Mathematician and Turing Award laureate Richard Hamming reflected on and extended Wigner's Unreasonable Effectiveness in 1980, mulling over four "partial explanations" for it. Hamming concluded that the four explanations he gave were unsatisfactory. They were:

1. Humans see what they look for. The belief that science is experimentally grounded is only partially true. Rather, our intellectual apparatus is such that much of what we see comes from the glasses we put on. Eddington went so far as to claim that a sufficiently wise mind could deduce all of physics, illustrating his point with the following joke: "Some men went fishing in the sea with a net, and upon examining what they caught they concluded that there was a minimum size to the fish in the sea."

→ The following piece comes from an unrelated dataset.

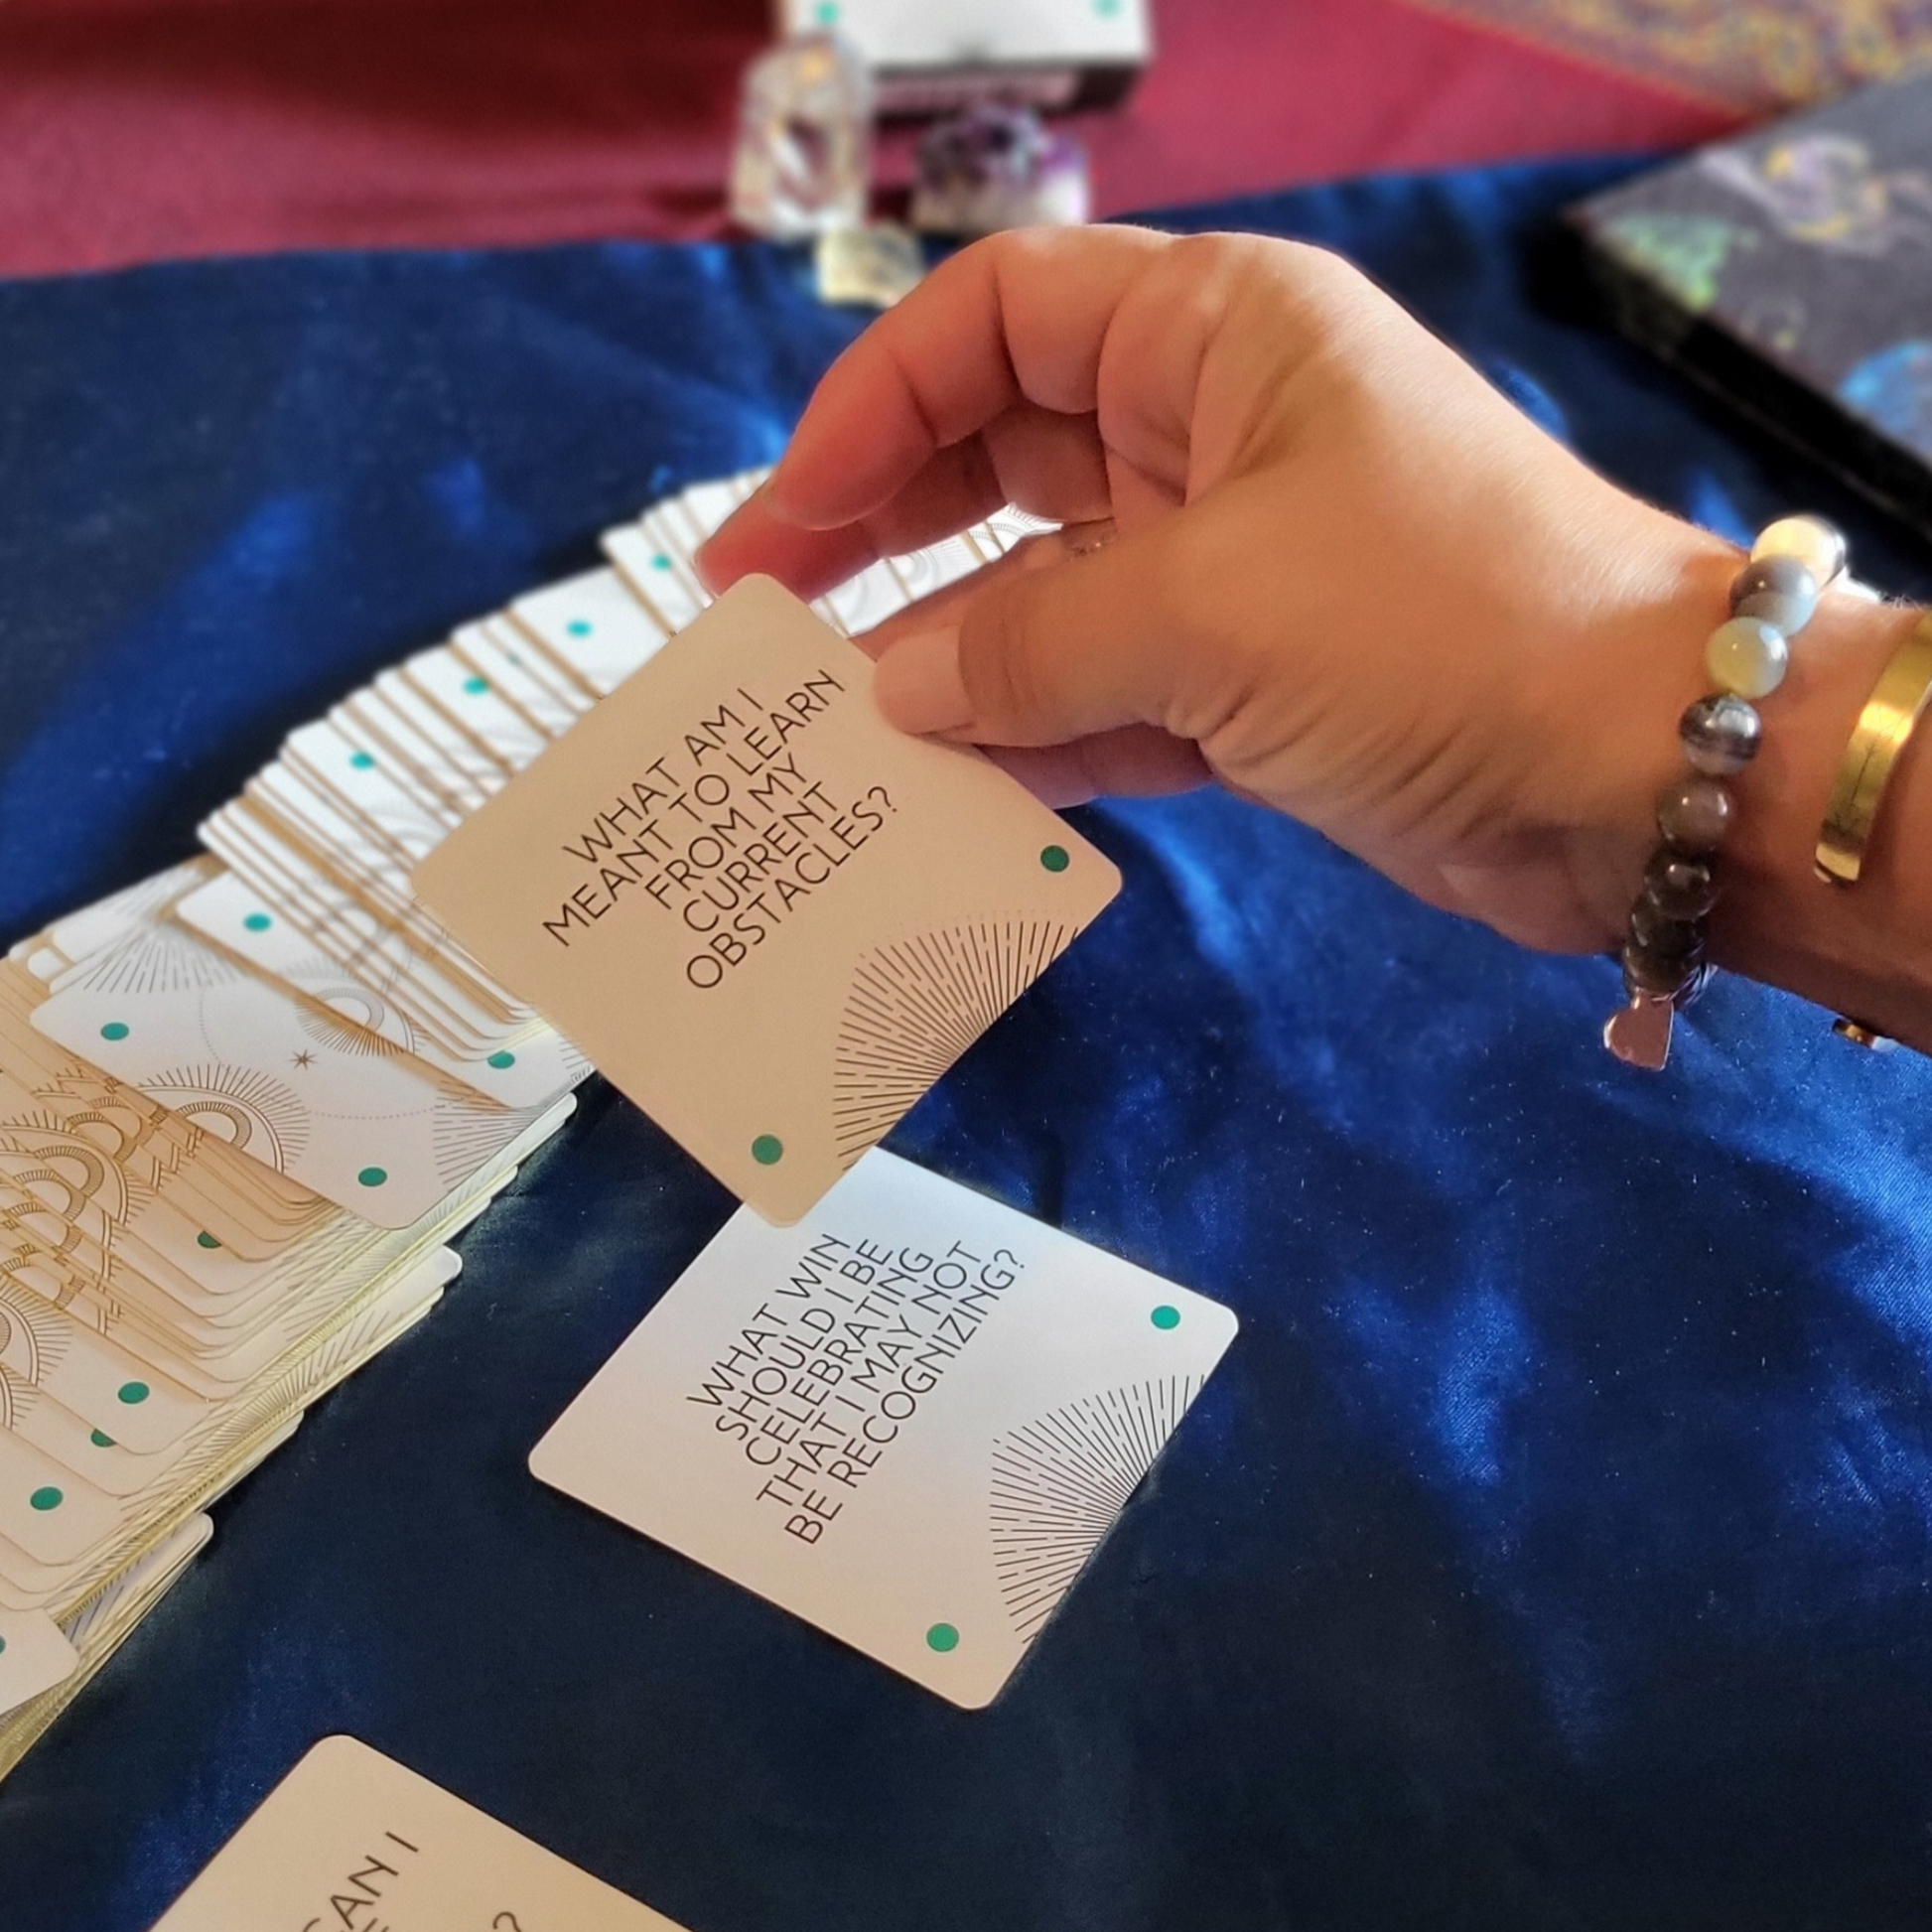 Lady selecting question cards for tarot spread.

Hamming gives four examples of nontrivial physical phenomena he believes arose from the mathematical tools employed and not from the intrinsic properties of physical reality.
 Hamming proposes that Galileo discovered the law of falling bodies not by experimenting, but by simple, though careful, thinking. Hamming imagines Galileo as having engaged in the following thought experiment (the experiment, which Hamming calls "scholastic reasoning", is described in Galileo's book On Motion.):

Suppose that a falling body broke into two pieces. Of course the two pieces would immediately slow down to their appropriate speeds. But suppose further that one piece happened to touch the other one. Would they now be one piece and both speed up? Suppose I tie the two pieces together. How tightly must I do it to make them one piece? A light string? A rope? Glue? When are two pieces one?

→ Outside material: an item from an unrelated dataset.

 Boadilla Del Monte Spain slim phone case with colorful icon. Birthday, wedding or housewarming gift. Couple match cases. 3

There is simply no way a falling body can "answer" such hypothetical "questions." Hence Galileo would have concluded that "falling bodies need not know anything if they all fall with the same velocity, unless interfered with by another force." After coming up with this argument, Hamming found a related discussion in Pólya (1963: 83-85). Hamming's account does not reveal an awareness of the 20th century scholarly debate over just what Galileo did.

The inverse square law of universal gravitation necessarily follows from the conservation of energy and of space having three dimensions. Measuring the exponent in the law of universal gravitation is more a test of whether space is Euclidean than a test of the properties of the gravitational field.
The inequality at the heart of the uncertainty principle of quantum mechanics follows from the properties of Fourier integrals and from assuming time invariance.
Hamming argues that Albert Einstein's pioneering work on special relativity was largely "scholastic" in its approach. He knew from the outset what the theory should look like (although he only knew this because of the Michelson–Morley experiment), and explored candidate theories with mathematical tools, not actual experiments. Hamming alleges that Einstein was so confident that his relativity theories were correct that the outcomes of observations designed to test them did not much interest him. If the observations were inconsistent with his theories, it would be the observations that were at fault.

2. Humans create and select the mathematics that fit a situation. The mathematics at hand does not always work. For example, when mere scalars proved awkward for understanding forces, first vectors, then tensors, were invented.

3. Mathematics addresses only a part of human experience. Much of human experience does not fall under science or mathematics but under the philosophy of value, including ethics, aesthetics, and political philosophy. To assert that the world can be explained via mathematics amounts to an act of faith.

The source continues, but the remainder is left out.